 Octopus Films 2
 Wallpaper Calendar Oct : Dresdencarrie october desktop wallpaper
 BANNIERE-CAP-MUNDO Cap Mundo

= = =

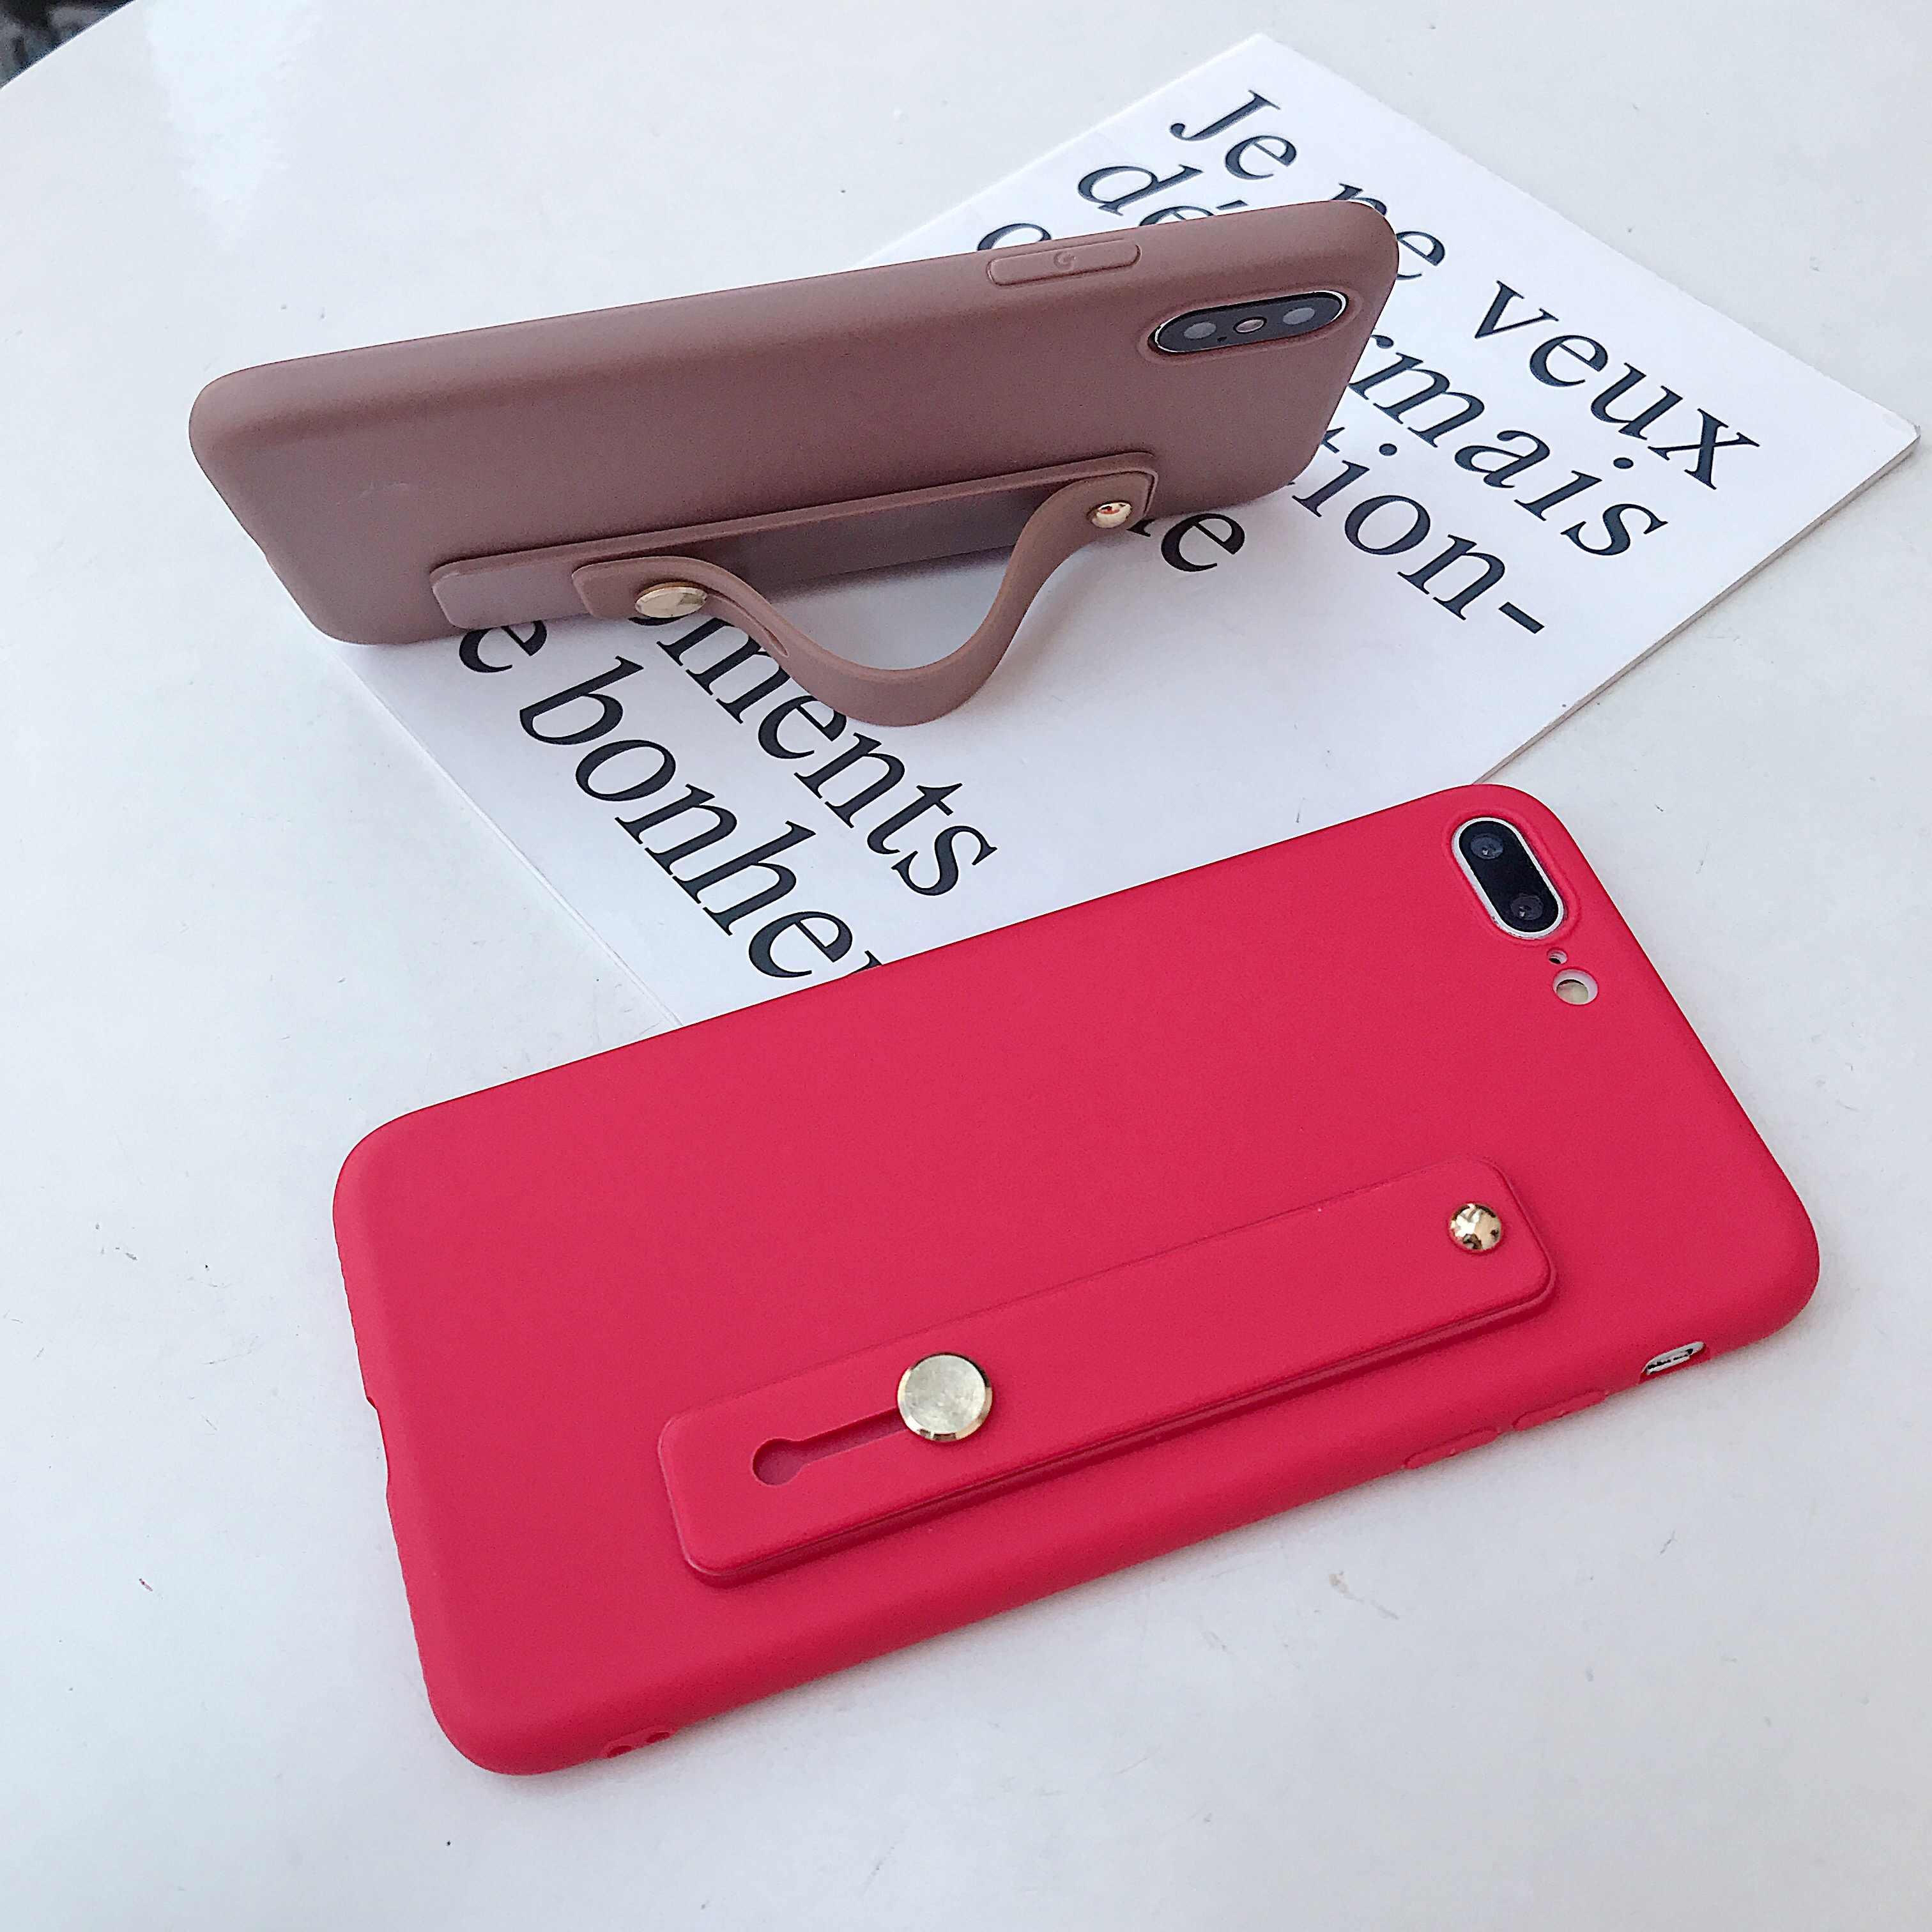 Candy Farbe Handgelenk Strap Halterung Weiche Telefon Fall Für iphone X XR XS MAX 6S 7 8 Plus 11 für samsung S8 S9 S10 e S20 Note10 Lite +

= = =

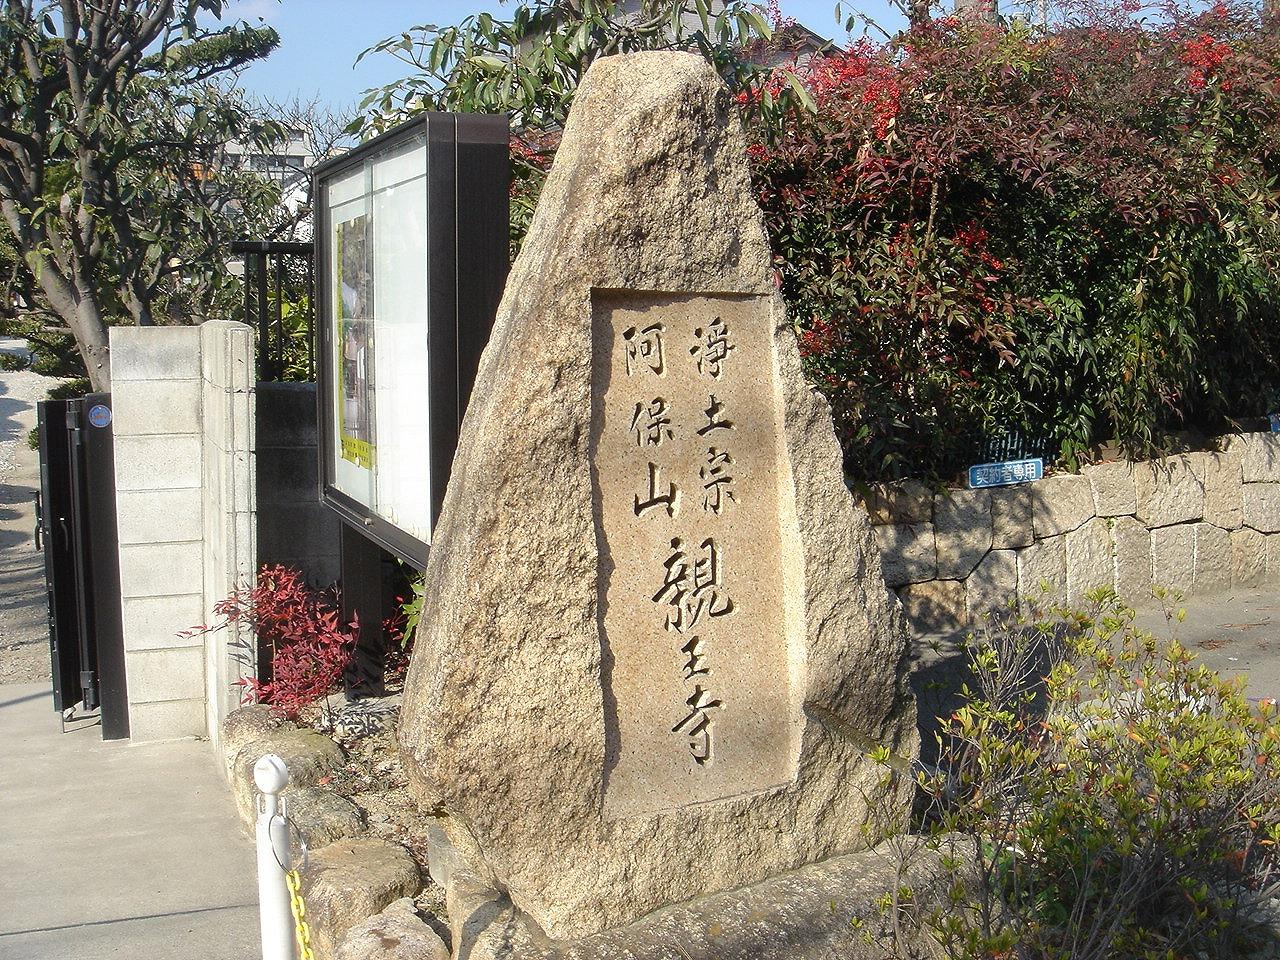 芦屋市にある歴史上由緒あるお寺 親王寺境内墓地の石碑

= = =

- [Aim of the task]:
Please output exactly the lines between the one holding "Octopus Films 2" and the one holding "BANNIERE-CAP-MUNDO Cap Mundo" in the records above, inclusive, and nothing more.

- [Task response]:
 Octopus Films 2
 Wallpaper Calendar Oct : Dresdencarrie october desktop wallpaper
 BANNIERE-CAP-MUNDO Cap Mundo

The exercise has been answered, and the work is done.